No one can discount the threat of nuclear war, even when the threat is still materializing and remains far lower than some media reports would indicate. At the same time, it makes little sense to define the nuclear threat simply in terms of the range of ballistic missiles and the reliability of their reentry vehicles without considering all of the factors that shape the real-world effectiveness of such weapons, and why and how they might actually be used. Worse, it makes even less sense to focus on nuclear exchanges without regard to the broader strategic context in which such exchanges might take place.

Jumping the Nuclear “Gun”

First, there is a very real difference between having a potential or token nuclear-armed missile threat and having a real one. Simply demonstrating a large booster is very different from having a nuclear-armed missile that can actually be used in war. A fully functional missile requires a re-entry vehicle with a warhead that minimizes weight but must handle the movement of the missile in the field, the vibration of the boost phase, and the heat and shock of reentry. Hard decisions have to be taken about arming the warhead, which is most reliable in the prelaunch phase, but can be a nightmare that strikes on your own soil if the missile malfunctions.

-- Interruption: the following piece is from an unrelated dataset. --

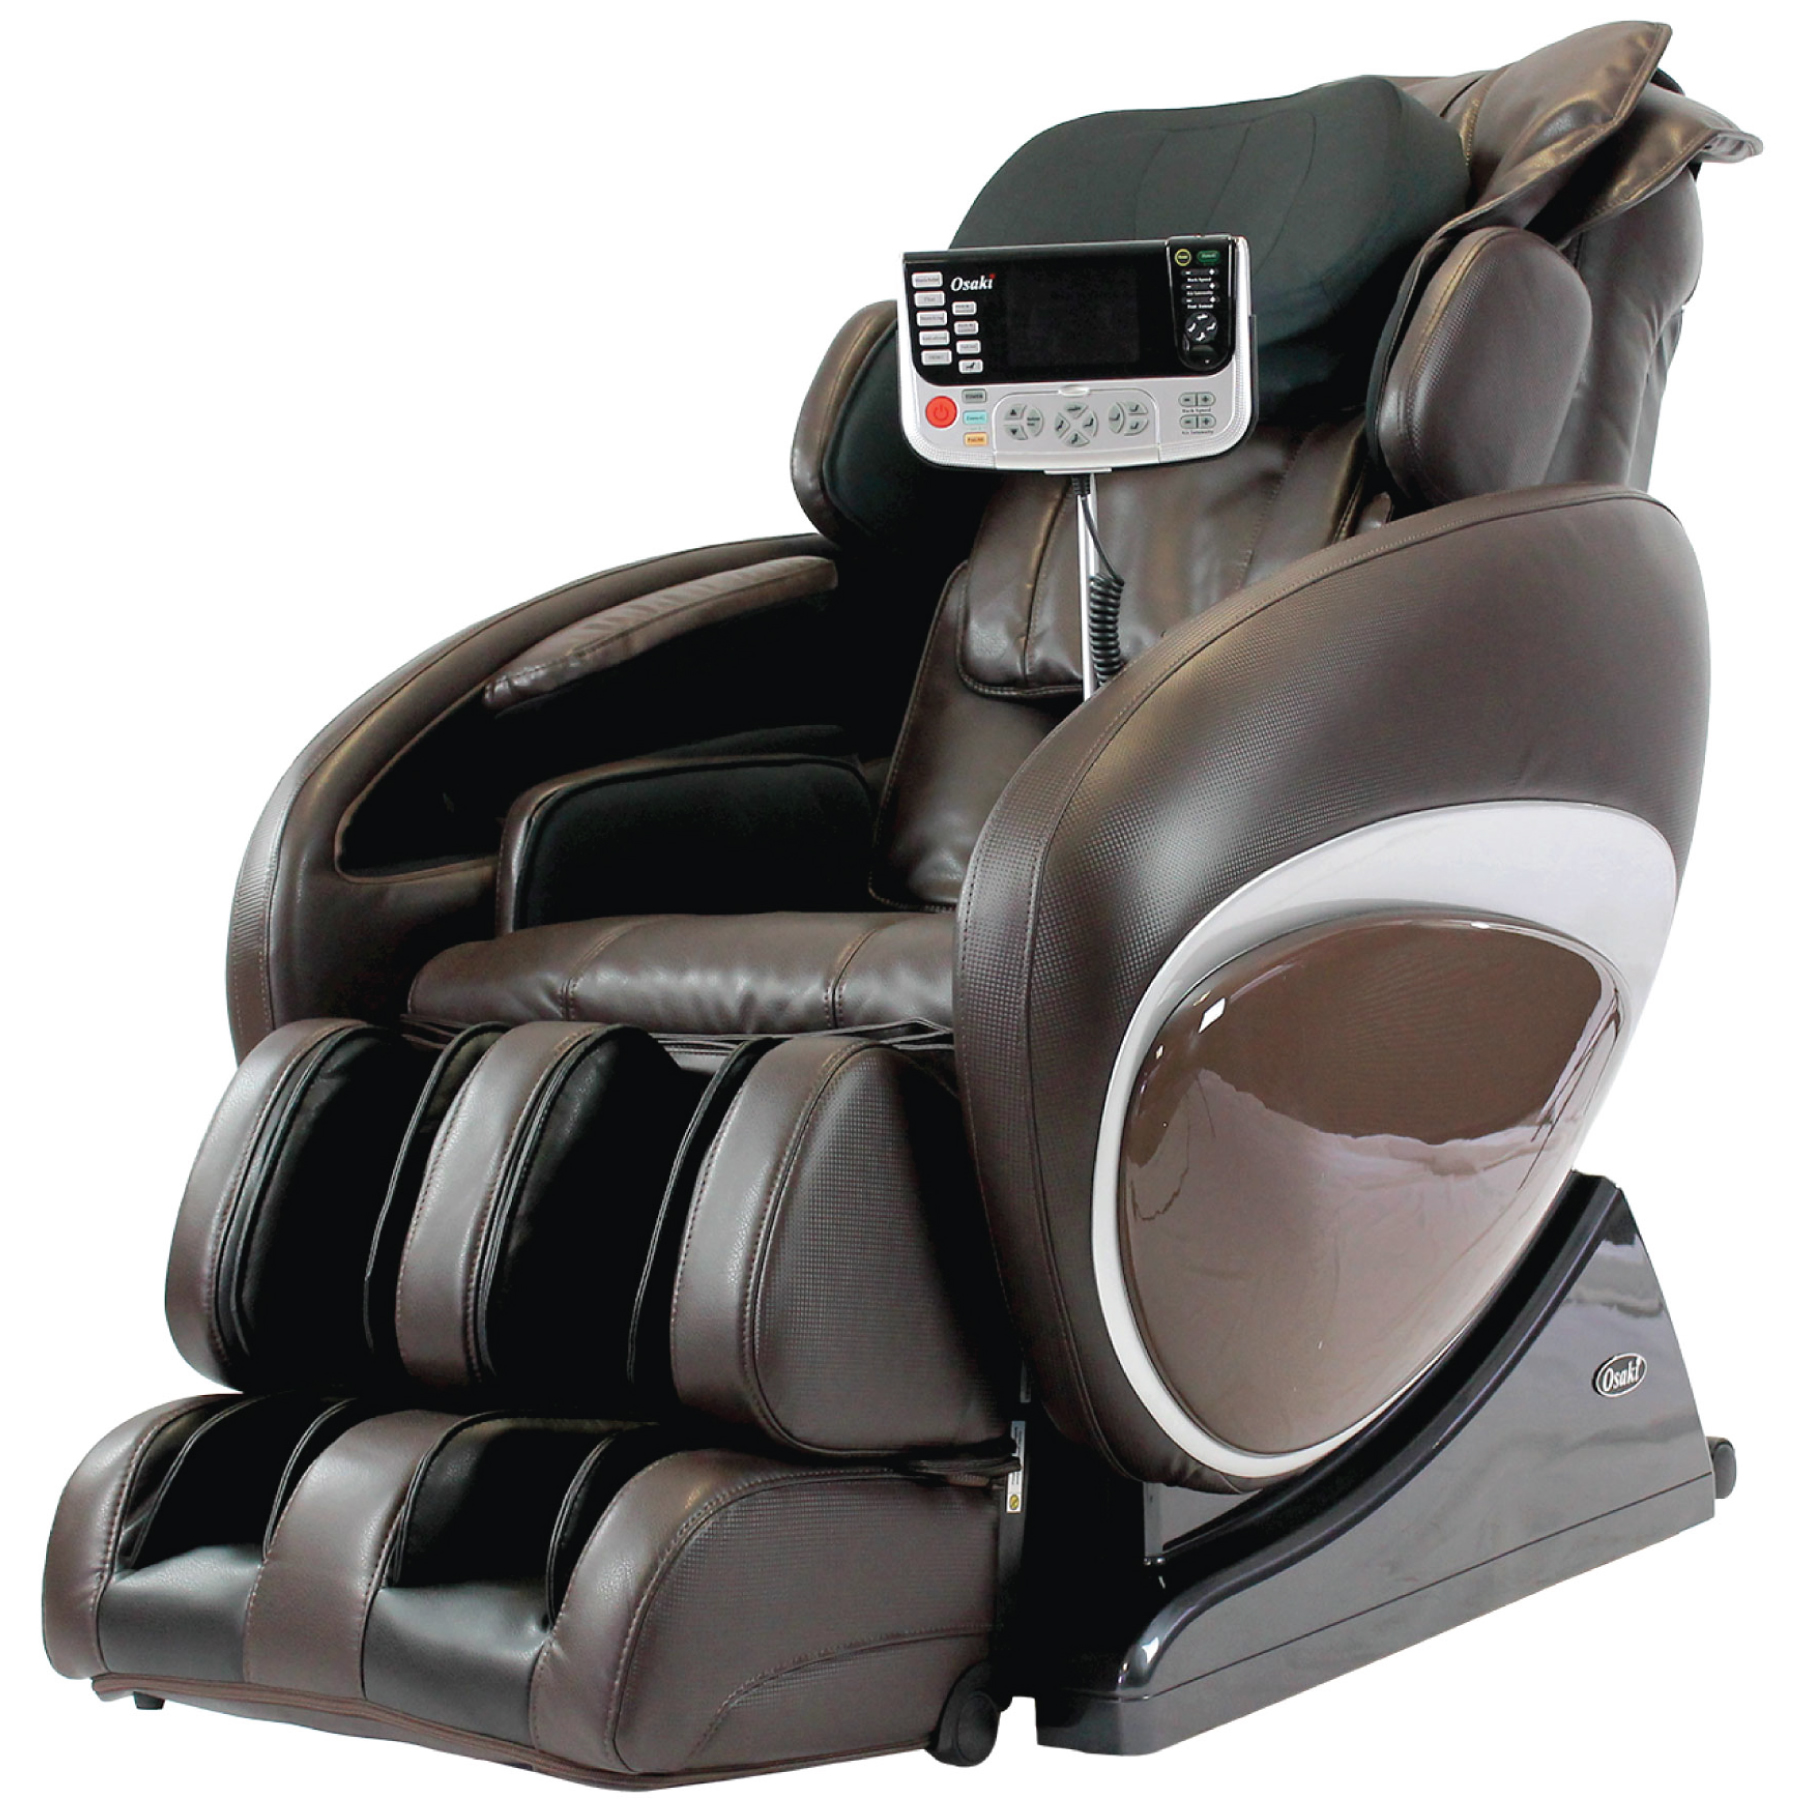 osaki os-4000t zero gravity massage chair, brown, computer body

Getting a predictable yield and set of effects requires a great deal of simulation at a minimum, and probably the test and recovery of simulated nuclear warhead designs to show the actual effect of firing a missile with such warheads, and the impact of launch and recovery. Plus, it requires telemetry tests of warhead detonation in other missiles to confirm the ability to control the height of burst—which is critical in determining the real-world effect of a nuclear warhead in terms of blast, radiation, thermal, and fall out.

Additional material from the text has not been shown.